The rationale makes biological sense. If ketamine opens a temporary window of brain plasticity, therapy during that window may help solidify new thought patterns and coping strategies into the brain’s refreshed circuitry. This combination doesn’t make treatment permanent either, but it appears to stretch the duration of benefit and may reduce how frequently booster sessions are needed.
Remission vs. Cure
Medical literature on ketamine consistently uses the word “remission” rather than “cure.” Remission means your symptoms have dropped below a clinical threshold, not that the underlying vulnerability to depression has been eliminated. This distinction matters for setting realistic expectations. Some patients do achieve sustained remission for months or longer with maintenance treatment, but they remain on a treatment plan rather than being declared cured.

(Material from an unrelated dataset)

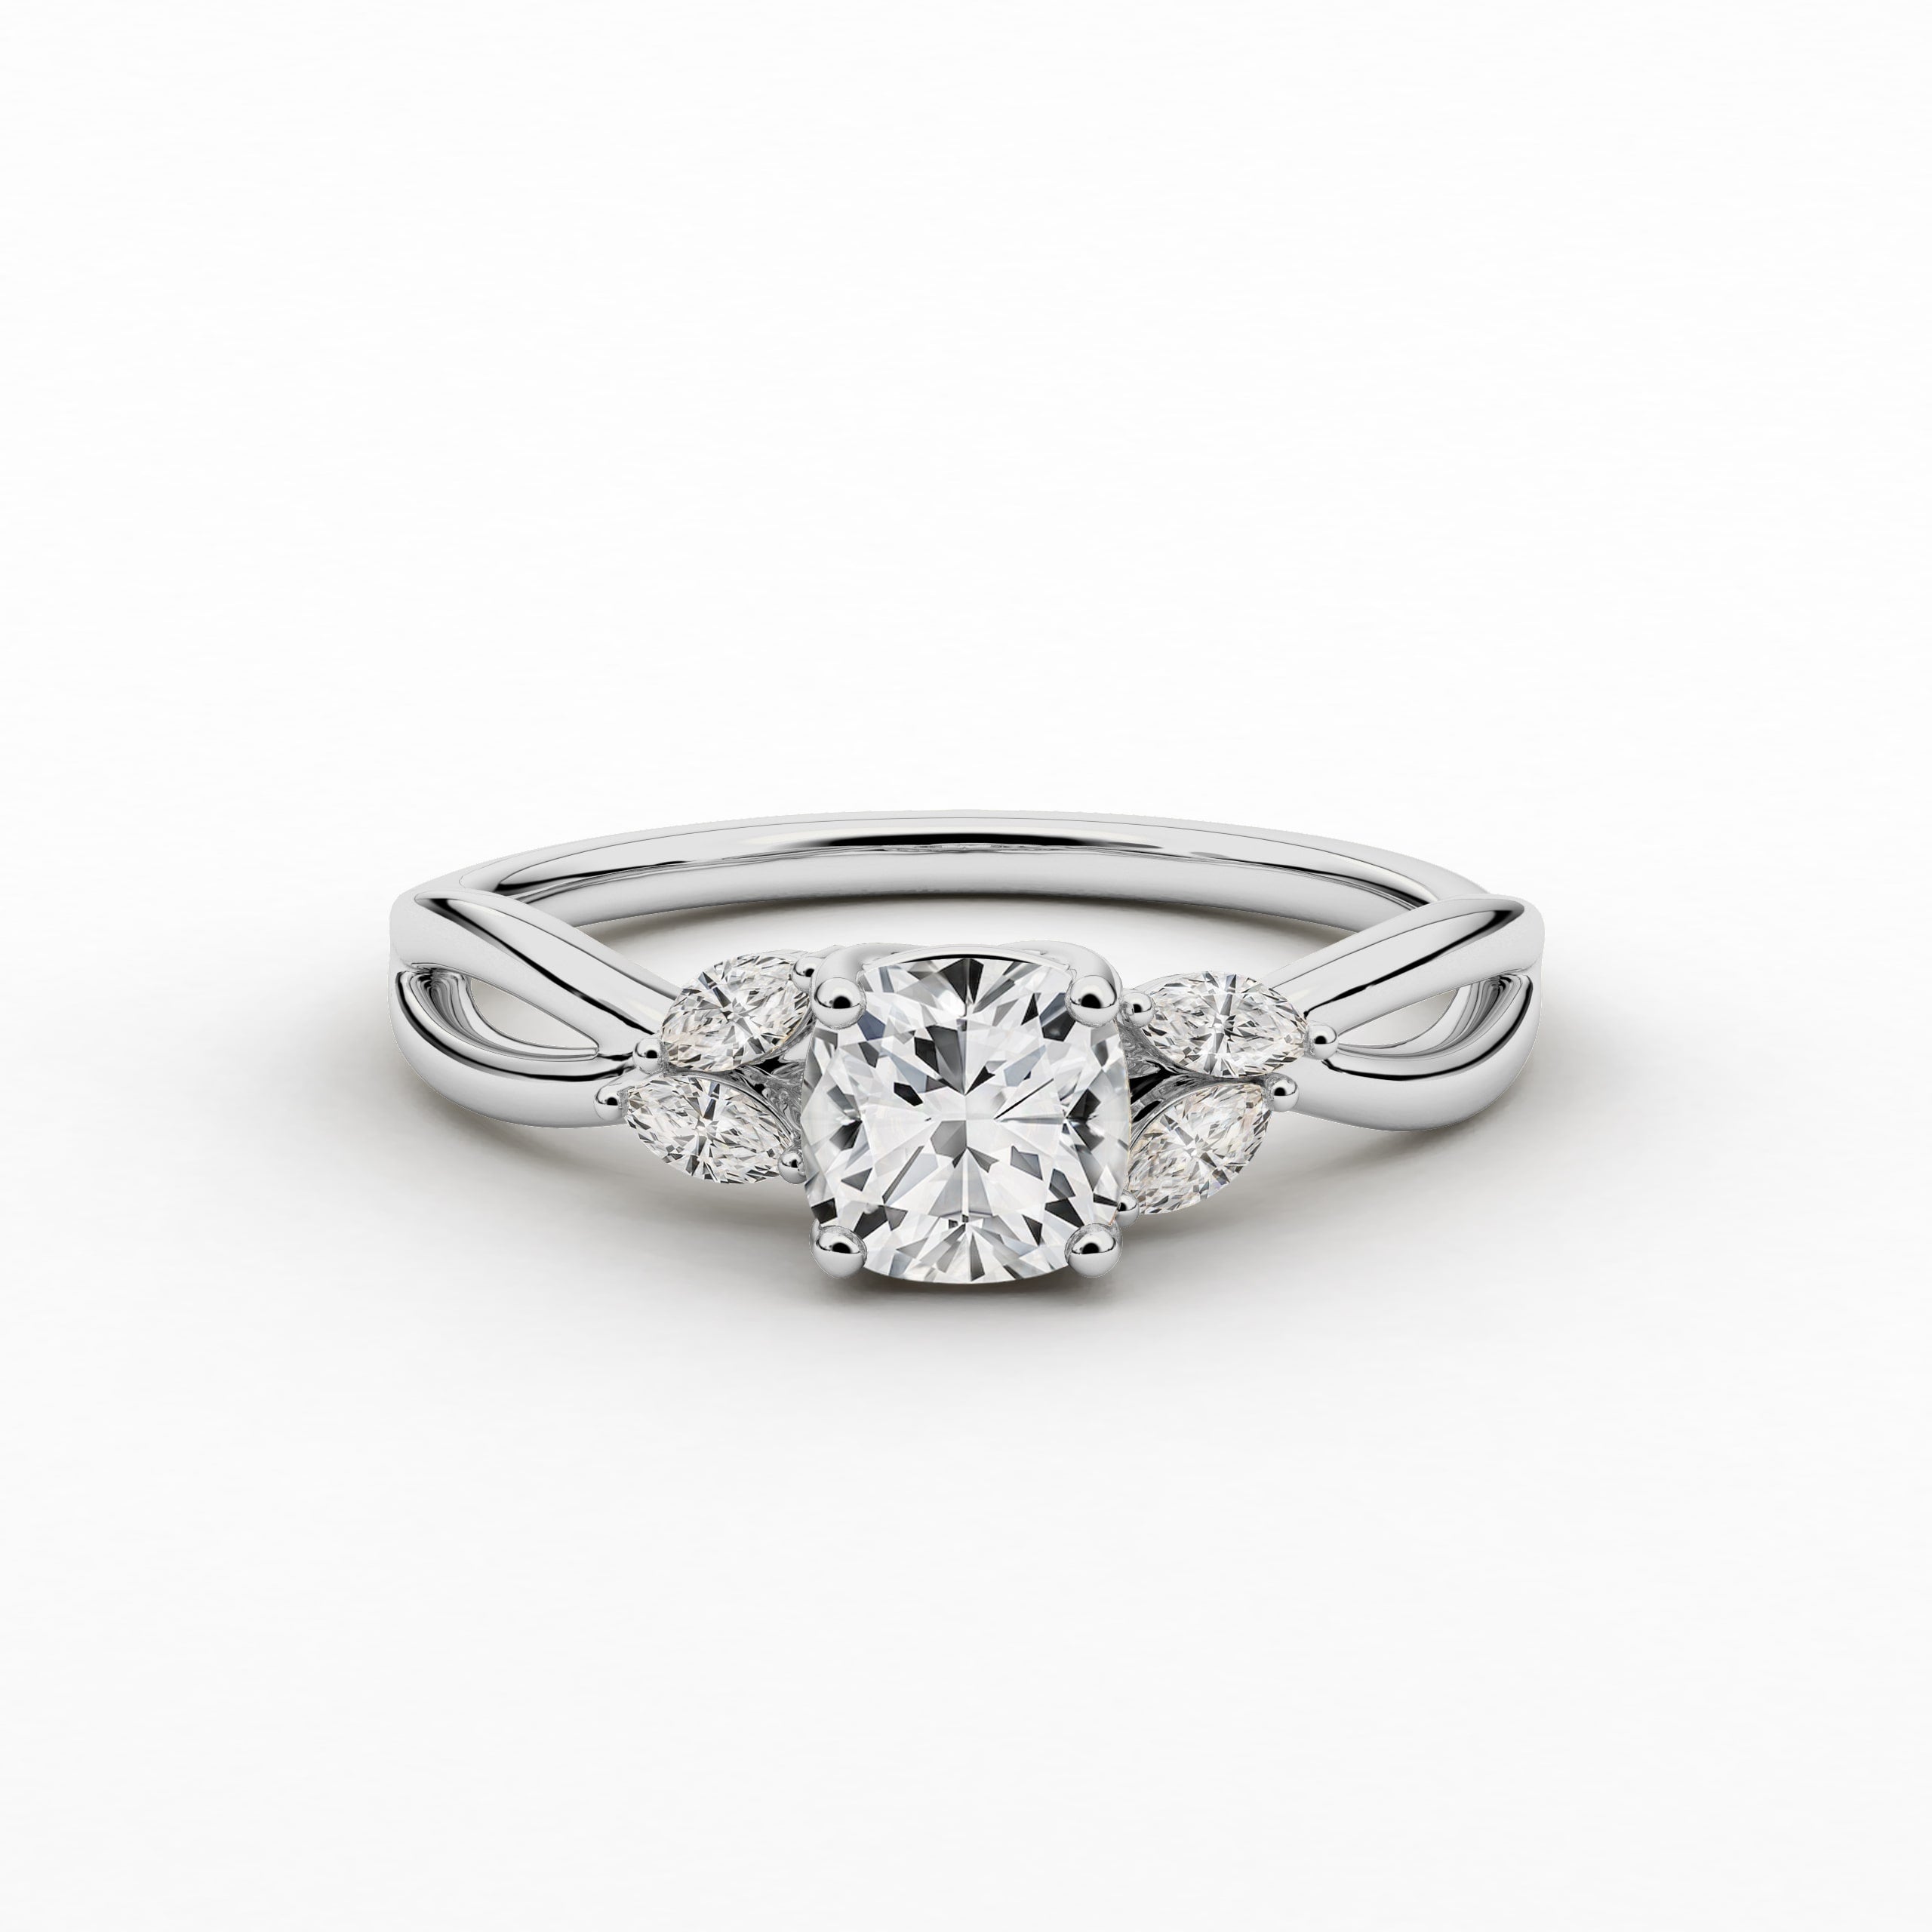 Cushion Cut Marquise diamond Petite Engagement Rings with White Diamond in White Gold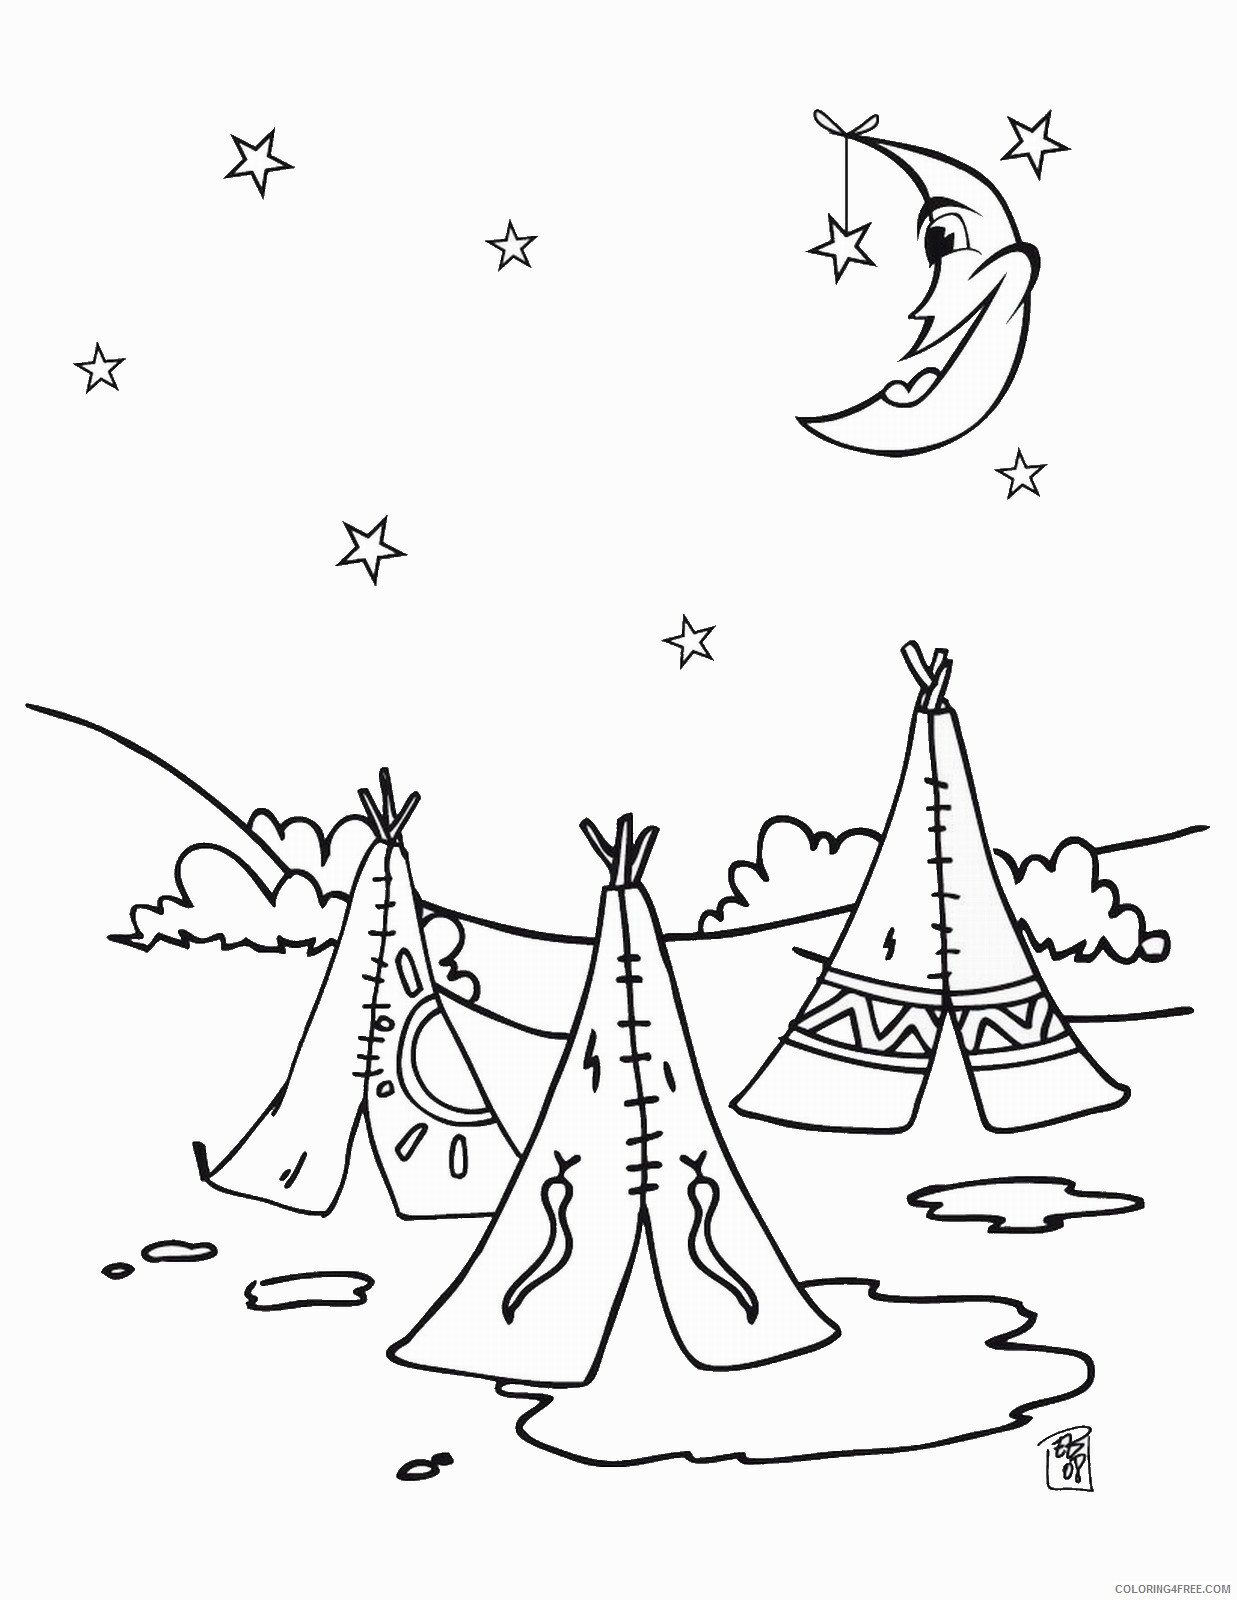 Indian Coloring Pages indians_08 Printable 2021 3546 Coloring4free

The antidepressant effects of ketamine are also described in research as “transient” by default. Repeated dosing can prolong them, and combining ketamine with therapy or other antidepressants may extend them further, but no current evidence supports the idea that any number of ketamine sessions produces a permanent resolution of depression.
Safety of Long-Term Use
Because ketamine requires ongoing sessions, the safety of prolonged use matters. At therapeutic doses administered in a clinical setting, short-term side effects are well-documented and generally manageable: dissociation, sedation, dizziness, and temporary increases in blood pressure. These resolve within hours of each session.
Long-term safety data from supervised medical use is still limited. What does exist comes largely from studies of chronic recreational users consuming far higher doses (averaging 2.4 grams per day for 2 to nearly 10 years). In those populations, researchers observed reduced gray matter volume, impaired white matter integrity, and cognitive problems including memory loss. These structural brain changes were most pronounced after more than 3 years of heavy use. Clinical doses are a fraction of recreational doses, but the findings underscore why ongoing medical supervision and the lowest effective frequency matter for anyone on a long-term maintenance plan.